Wrong, wrong, wrong on there being no catfish at Sheldon. I've caught plenty in the 2-5 lb range. I haven't been there this year, but last year, once the hydrilla grew up, there were only two open areas on the lake, the depths of which ranged from 8-12 ft, also the deepest part of the lake. Using a float and suspending the bait off the bottom, I had no problem catching channel cats, and were they good tasting!. The reason for using the float is that, although there was no hydrilla on the surface in deeper water, it was on the bottom. The bait had to be suspended above the hydrilla. More than likely gators at Sheldon feed on the birds as much as the fish.

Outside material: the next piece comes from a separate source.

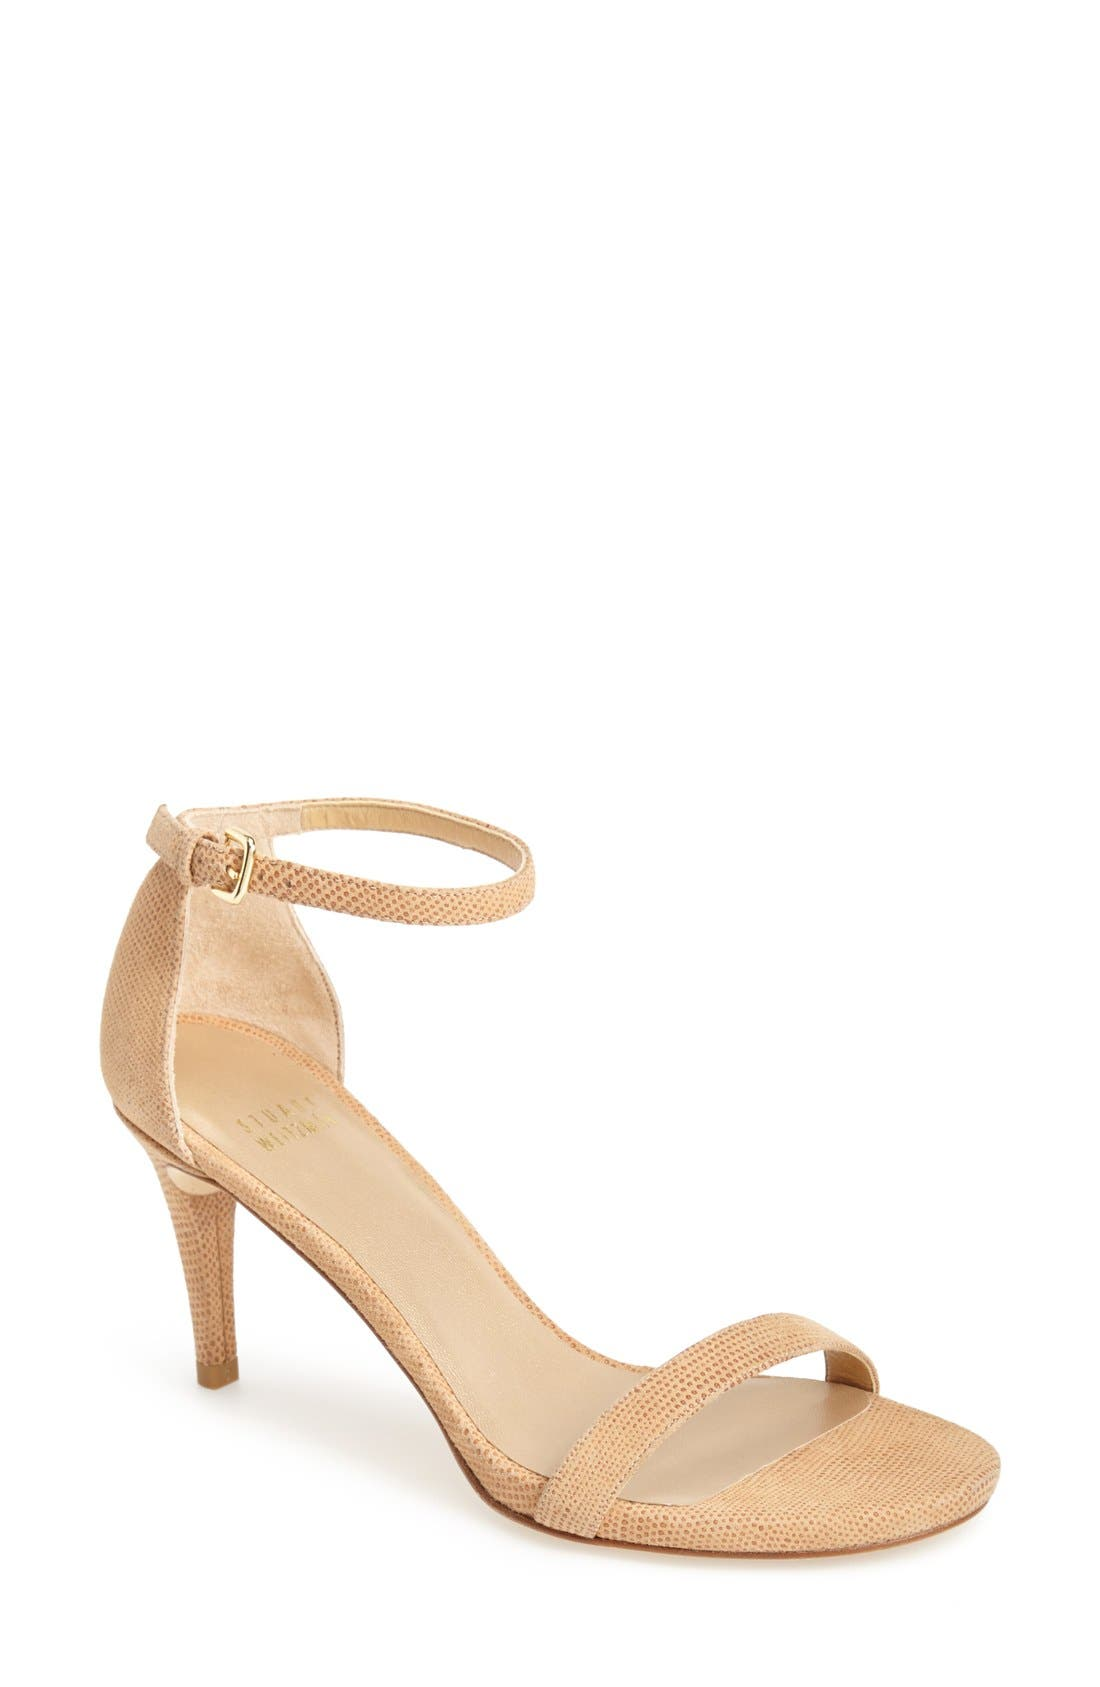 Alternate Image 1 Selected - Stuart Weitzman 'Nunaked' Leather Ankle Strap Sandal (Women)

the limit at sheldo for catfish.


----------



## Joelybob (Aug 21, 2006)

Were you fishing the third pier, or over by the main launch. I have fished both areas and believe these are the two deepest parts. I have thrown every bait I can think of, but no whiskerfish, please help. Even my trusty chicken liver would only produce bullheads.


----------



## greyloon (Sep 30, 2006)

You need a boat. You've got to get out on the lake. The dam area is only 4-6 ft deep, as are the channel areas along the levee. Shrimp and whatever I catch in my cast net are the best bait.


----------



## Joelybob (Aug 21, 2006)

Cool , Thanks for the info guys.


----------



## rayfish (Apr 5, 2006)

try fresh shad around the islands full of birds, catfish are lurking there for fresh droppings,
this method has worked for me there in the past.


----------



## rebelangler (May 21, 2004)

i have fished sheldon off and on for years and i have always had luck on the bank right at the main boat launch use either live crawfish or chicken livers mixed with garlic and molassis..cast either to the right near the bank or to the left near the bank just past the little grassy point biggest cat so far was 52 lbs about 4 years ago


----------